IX, de Yannis Ritsos






Qué hermosa eres. Me asusta tu belleza. Tengo hambre de ti. Tengo sed de ti.
Te lo ruego: escóndete; vuélvete invisible para todos; visible solo para mí; cubierta
desde el cabello hasta las uñas de los pies con un velo oscuro y transparente
salpicado por los plateados gemidos de lunas primaverales. Tus poros irradian
vocales, consonantes placenteras; articulan palabras secretas;
rosáceos estallidos del acto sexual. Tu velo se hincha, reluce
sobre la ciudad anochecida con bares a media luz, sus tascas portuarias;
verdes focos iluminan la farmacia de guardia, una esfera de vidrio
gira veloz mostrando lugares del globo terráqueo. El borracho se tambalea
en una tempestad generada por la respiración de tu cuerpo. No te vayas. No te vayas.

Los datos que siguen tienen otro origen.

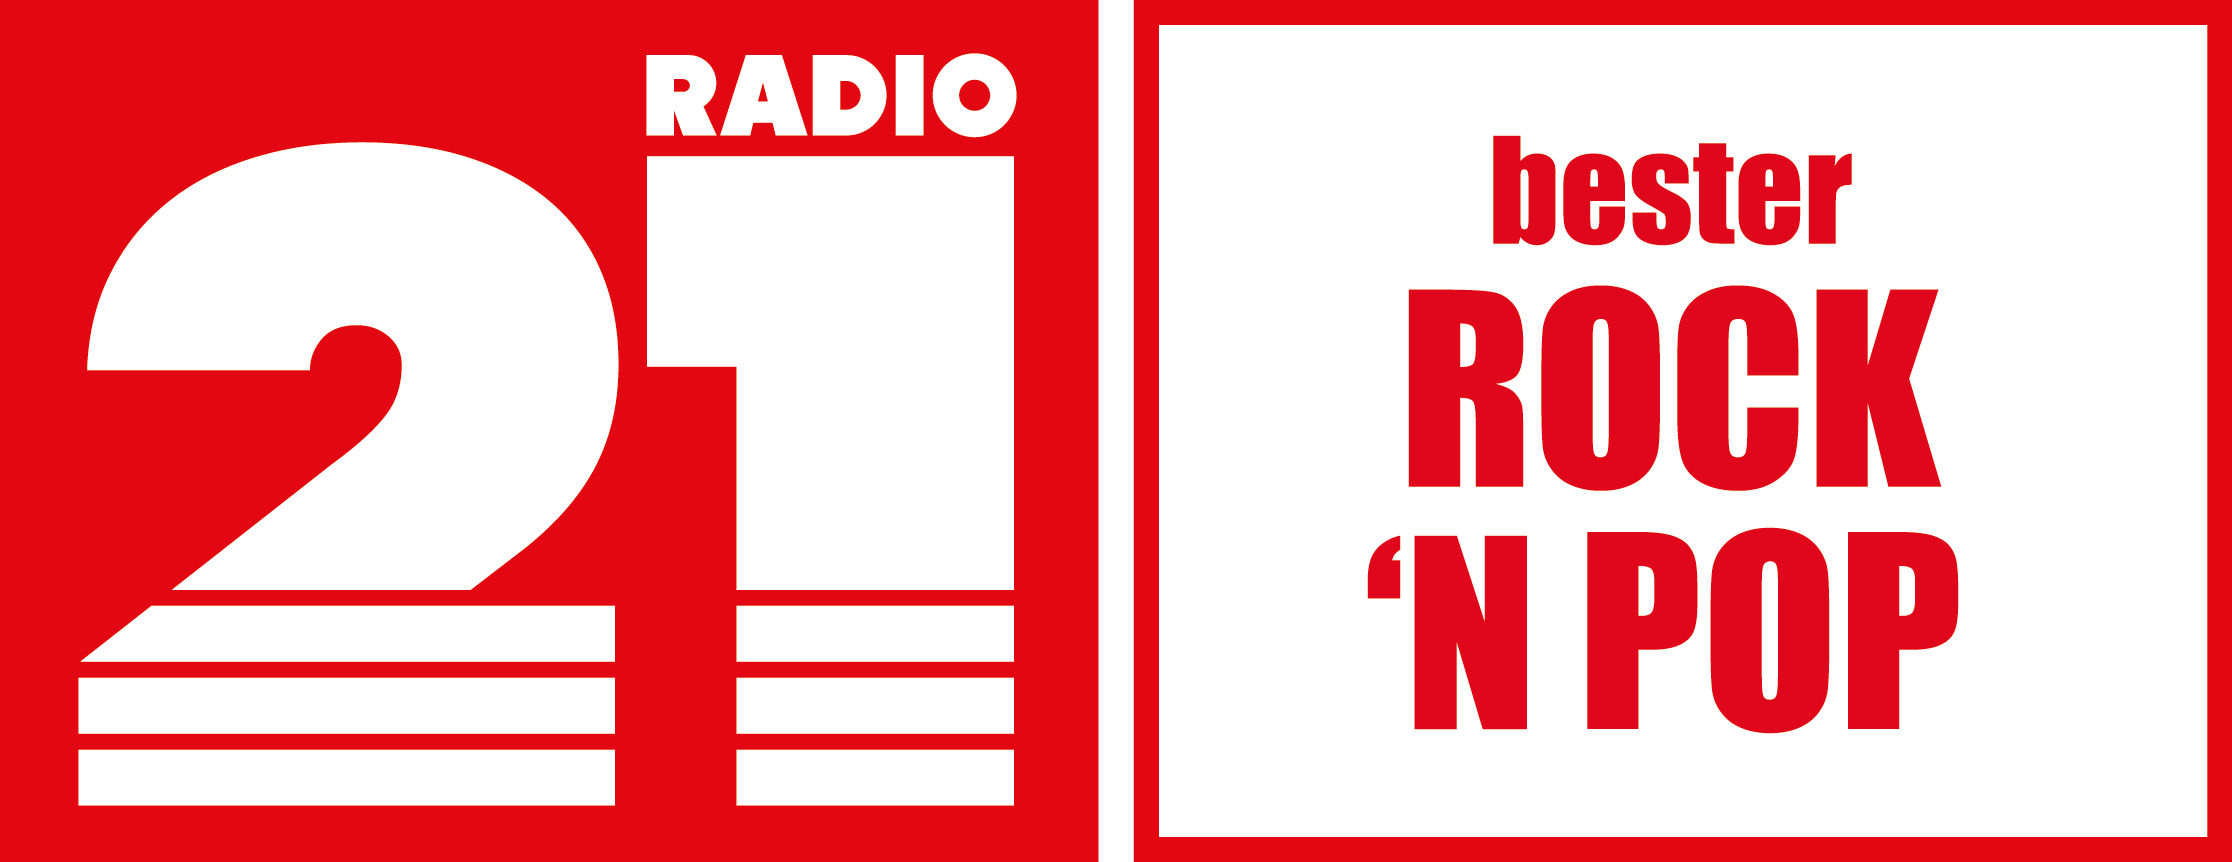 Radio 21 Bremen

Tan material, tan inasible. Un toro de piedra
salta desde el frontón del templo a la hierba seca. Una mujer desnuda sube
la escalera de madera
cargando un barreño de agua caliente. El vaho le oculta el rostro.
Arriba en el aire un helicóptero de vigilancia zumba en lugares imprecisos. Cuidado.
Te buscan a ti. Escóndete muy dentro de mis brazos. El pelo
de la manta roja que nos cubre crece sin cesar
y la manta se convierte en una osa preñada. Bajo la osa roja
nos entregamos sin medida, más allá del tiempo y más allá la muerte,
en una unión única, universal. Qué hermosa eres. Me asusta tu hermosura.
Y tengo hambre de ti. Y tengo sed de ti. Y te ruego: escóndete.